God is searching for leaders


Moses had lots of excuses when God called him to lead

by Ken Ediger

Moses said to God, “Who am I, that I should go to Pharaoh and bring the Israelites out of Egypt?” And God said, “I will be with you…” (Exod. 3:11-12a)

Real leaders are in short supply. The church has been given the greatest task in all of history and the most powerful resources in the universe. It offers the greatest solutions to world need. Yet the church suffers from a leadership deficit. Reluctance to answer God’s call to lead is fueled by debilitating feelings of inadequacy, weakness and fear.

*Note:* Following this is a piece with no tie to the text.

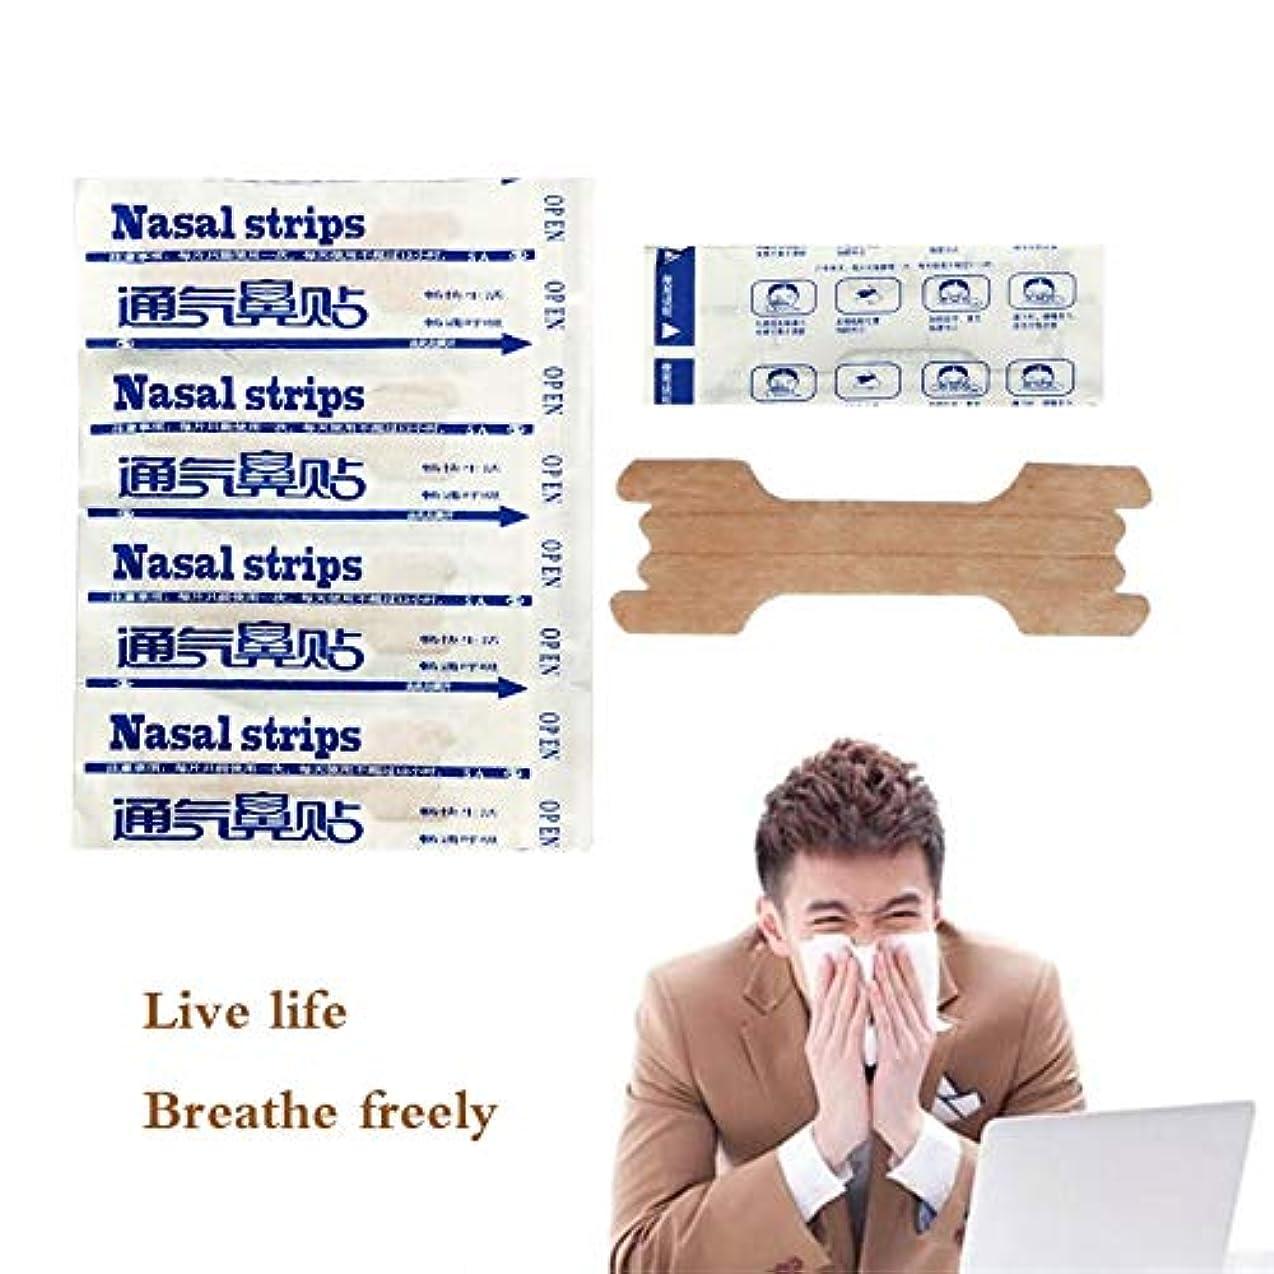 散文歪めるカプセルNOTE 50個の呼吸の良い鼻のストリップ正しいいびきを防止する正しい方法鼻のストリップ簡単な呼吸のヘルスケア
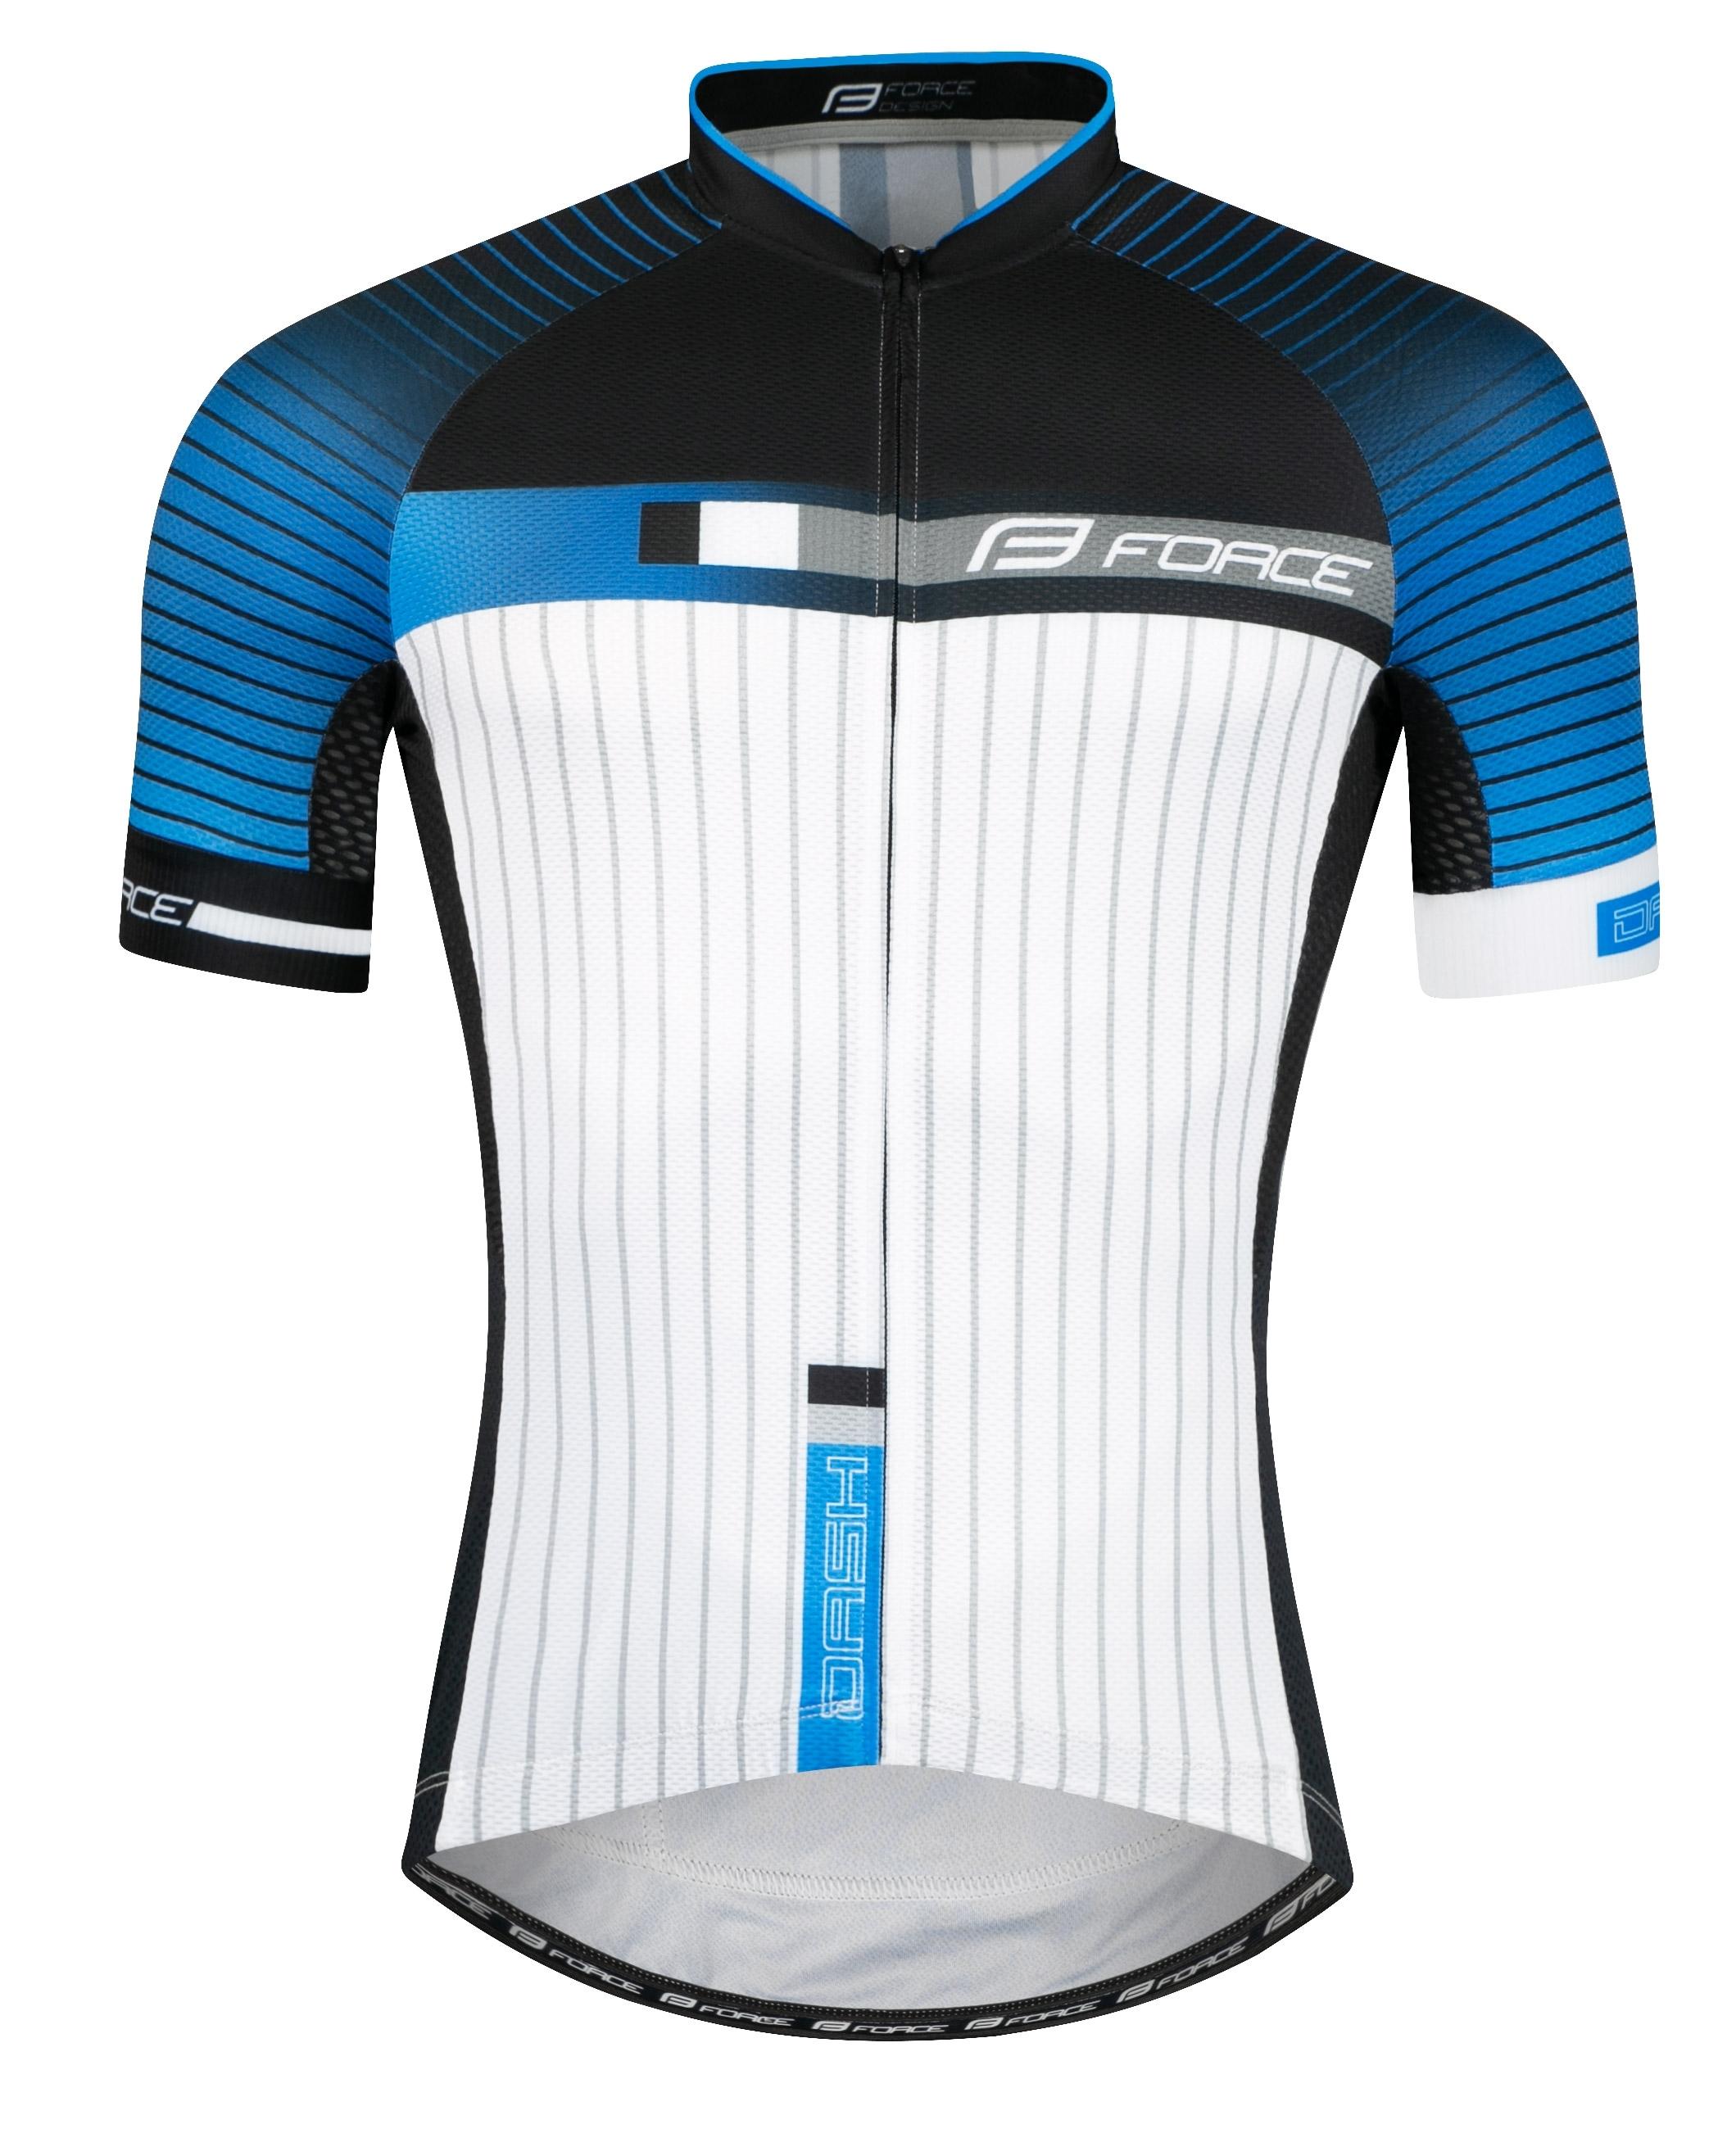 dres FORCE DASH krátký rukáv,modro-černo-bílý XL

Such was the case with Moses, one of the most notable leaders in history. Exodus 3-4 records his conversation with God. God directs Moses: “So now go. I am sending you…” (3:10). Moses objects with three questions. Three times God responds, drawing Moses into deeper connection with himself.

Moses’ first excuse is, “Who am I?” (3:11) I’m a nobody. What do I have to offer? What qualifications do I have?

God patiently responds to Moses’ feelings of inadequacy and unworthiness with the promise of his presence: “I will be with you.” He refocuses Moses’ attention from the one sent to the One who sends. The excellency of the instrument matters not. What is vital is the One whose hands employ the instrument. God knows that in yourself you are inadequate. It is not about who you are but whose you are. So step up to leadership; God will be there for you.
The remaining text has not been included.